I agree, we probably won’t get anything like aquariums or aviaries anytime soon. Especially because the formula works in regards to dlc.
 
Something as simple as a school trips mechanic would have to make you rethink how to handle education (build class rooms for instance), would impact the flow of your zoo, the flow of your food courts, etc. A mechanic to set up conservation programs would force you to keep animals in a different way and would be a whole new way of education. A mechanic like local wildlife that appear as ambient animals would pose potential problems with the animals you keep, could create diseases you have to deal with. More complex marketing mechanics where you can invite the media for the birth of certain animals would also bring something new to the table. Etc. etc.
Actually, wait a minute, hold the fort. This might be what I have been looking for the whole time. This might be heresy, I might be more excited about management changes like this than even birds (assuming in a sequel we get more habitat birds at least).

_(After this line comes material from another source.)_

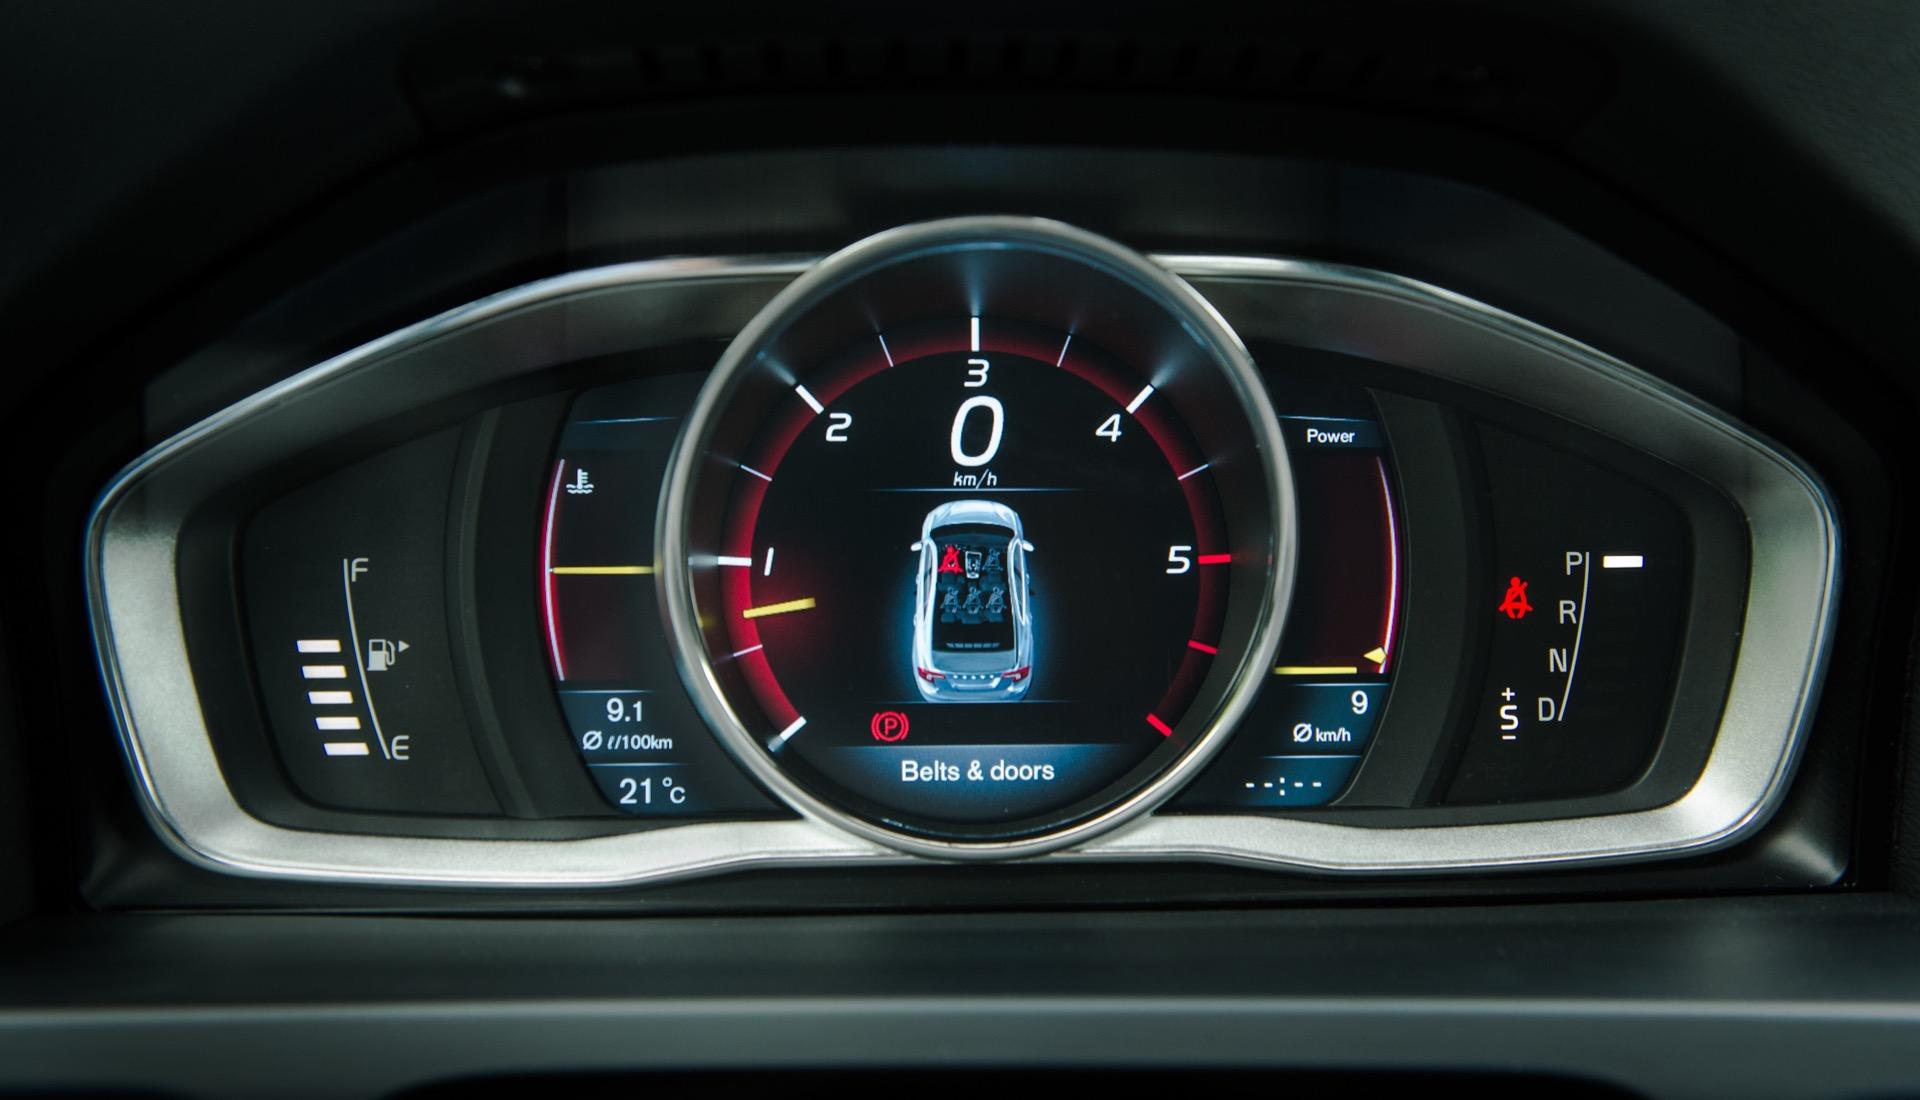 Volvo S60 -  2013, 2014, 2014 S60, Images, Interior, S60, Volvo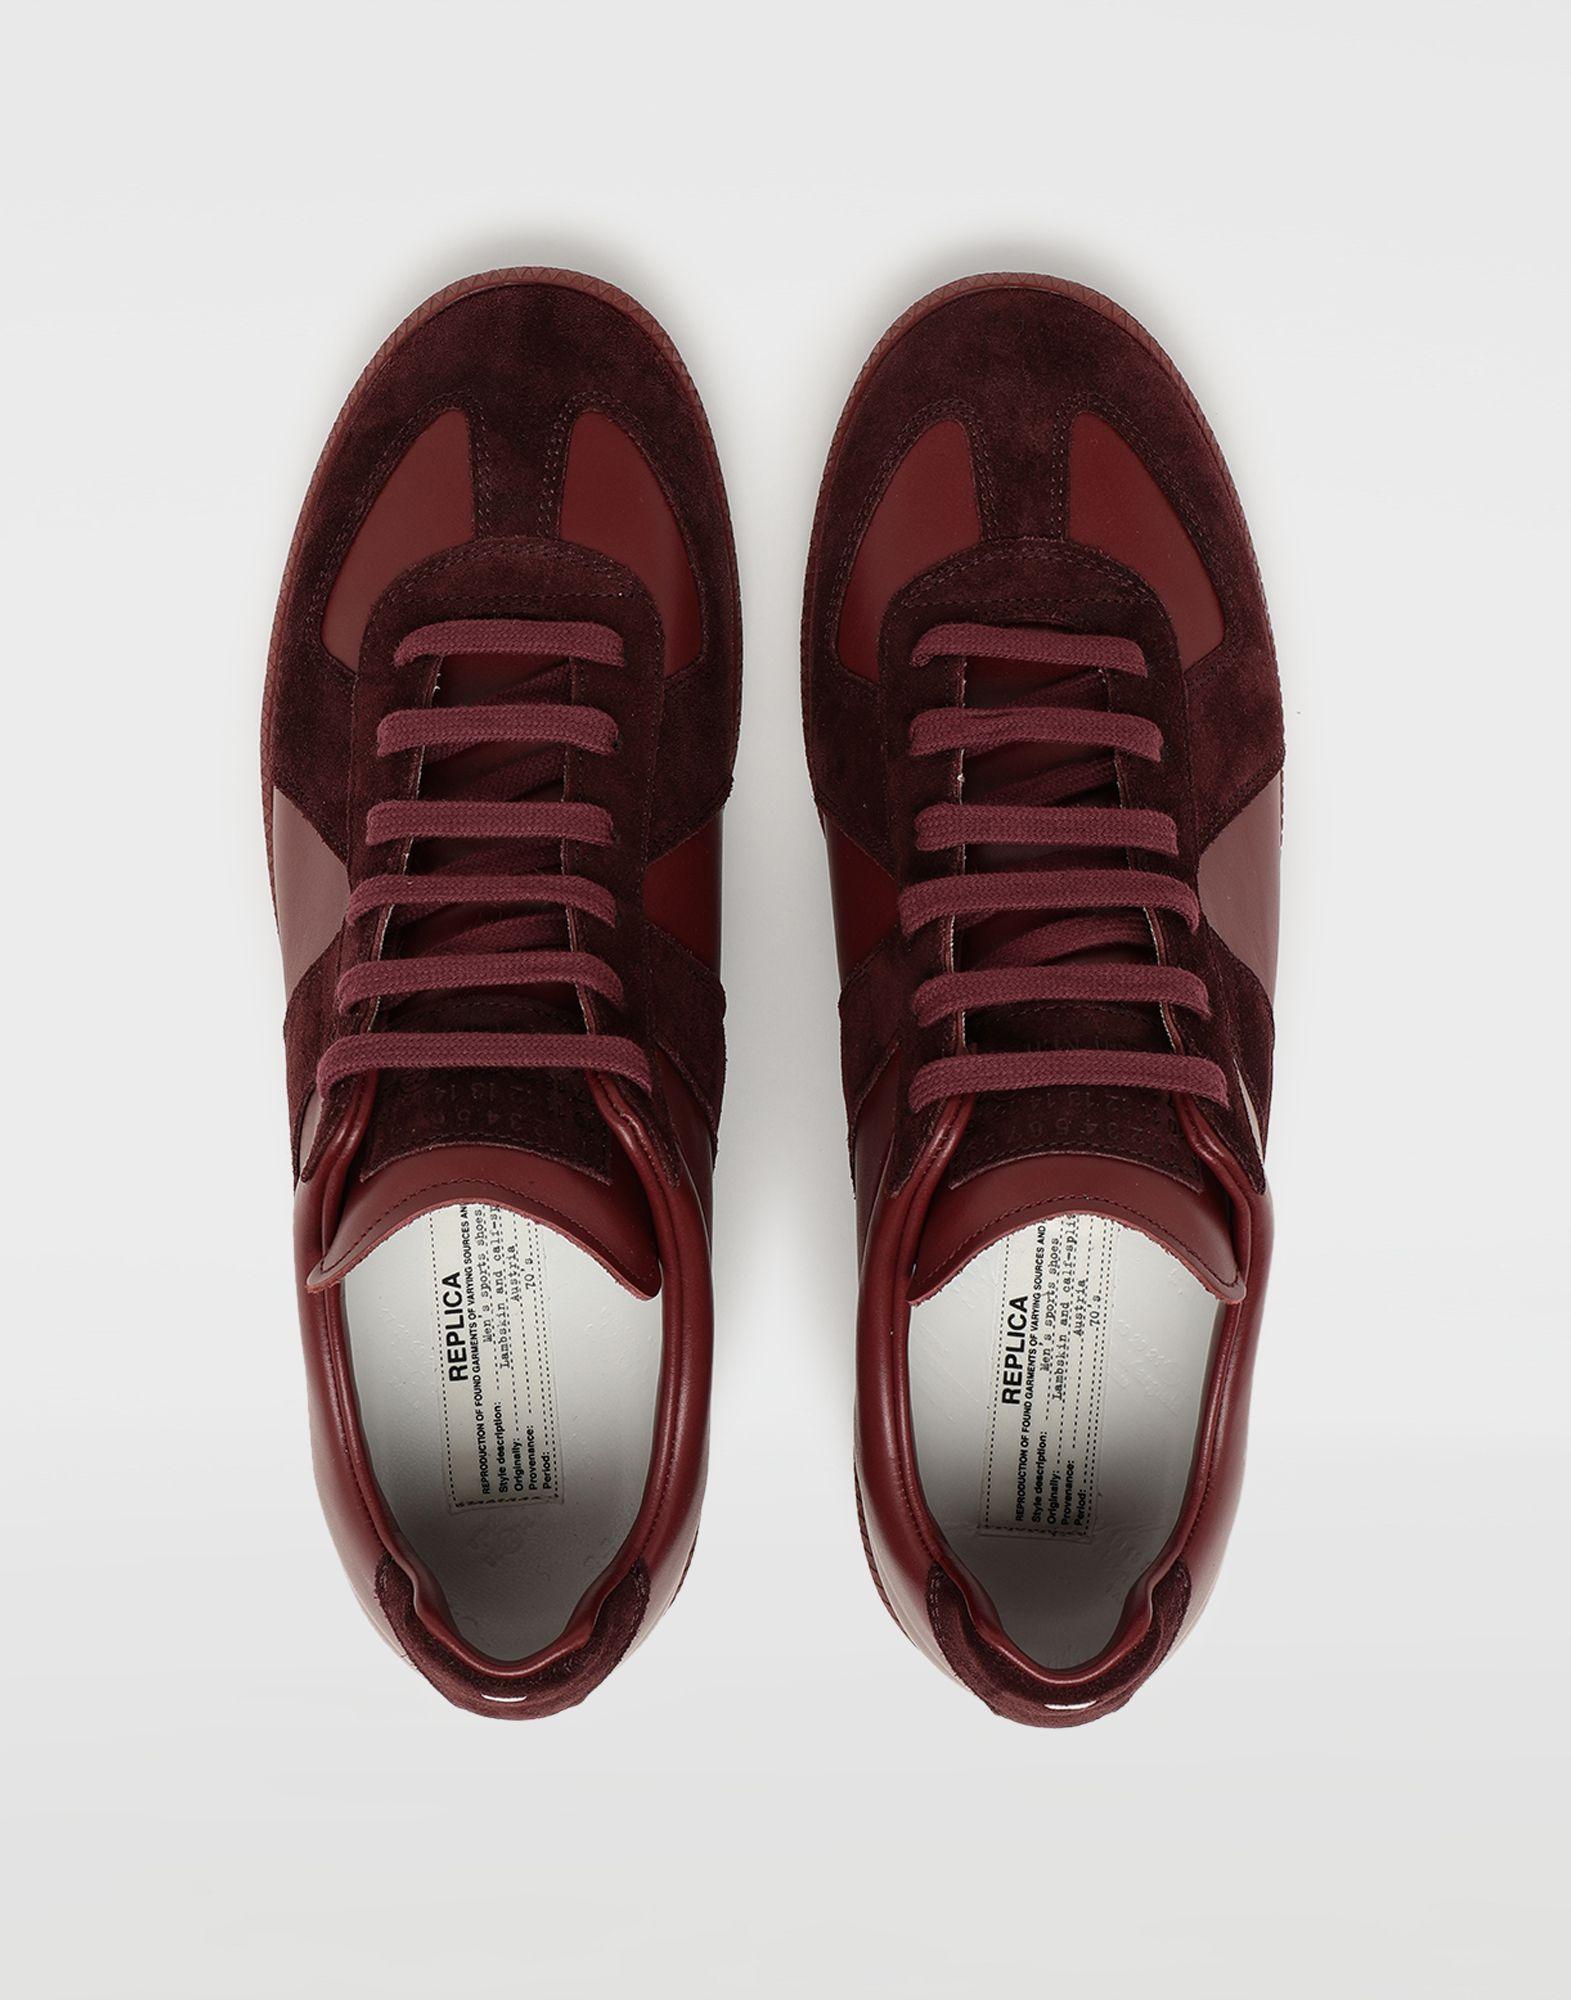 MAISON MARGIELA Replica low top sneakers Sneakers Man d

One of my favorite features from Zoo Tycoon for the Xbox was tracking animals you released into the wild. I think something like that would be a great feature again.

I mentioned this in an earlier thread, one feature I always wanted was holiday related celebrations at your zoo, like one for Christmas, Halloween, summer activities, etc. Also summer camps would be fun! To do all this, I think Frontier would have to drastically slow down the games timespan.
 
If you split hairs like that, the only truly new thing this year was......nothing.
The sloth & mute swan I would say were the gamechangers of 2023. Even if they didn't bring so much as really new gameplay, gotta give them credit for these two guys. Many people deemed the sloth as an unrealistic want because it would never work. And finally giving us waterfowl with the swan is also something new.
 
The sloth & mute swan I would say were the gamechangers of 2023. Even if they didn't bring so much as really new gameplay, gotta give them credit for these two guys. Many people deemed the sloth as an unrealistic want because it would never work. And finally giving us waterfowl with the swan is also something new.
But they are not gamechanging features. It doesn't change the gameplay. They introduced new kind of animals and open the possibility of more like them but the gameplay remains the same.

Deep diving, brachiation, the WTE and to some extent the butterflies with the multiple species and guest interactions were Game changing features but other than that i don't remember any other.

We are demanding these supposed big gamechanging updates but the game never offered that really? Just some new mechanics some times when an animal required them.
 
The sloth & mute swan I would say were the gamechangers of 2023. Even if they didn't bring so much as really new gameplay, gotta give them credit for these two guys. Many people deemed the sloth as an unrealistic want because it would never work. And finally giving us waterfowl with the swan is also something new.
Pretty much everyone was basing the sloth inclusion off a habitat animal and dismissed the walkthrough exhibit because loops and exhibit limitations. We still had/have? people thinking the two toed sloth could be a habitat animal because its a more realistic option or they move faster or whatever theory they go with.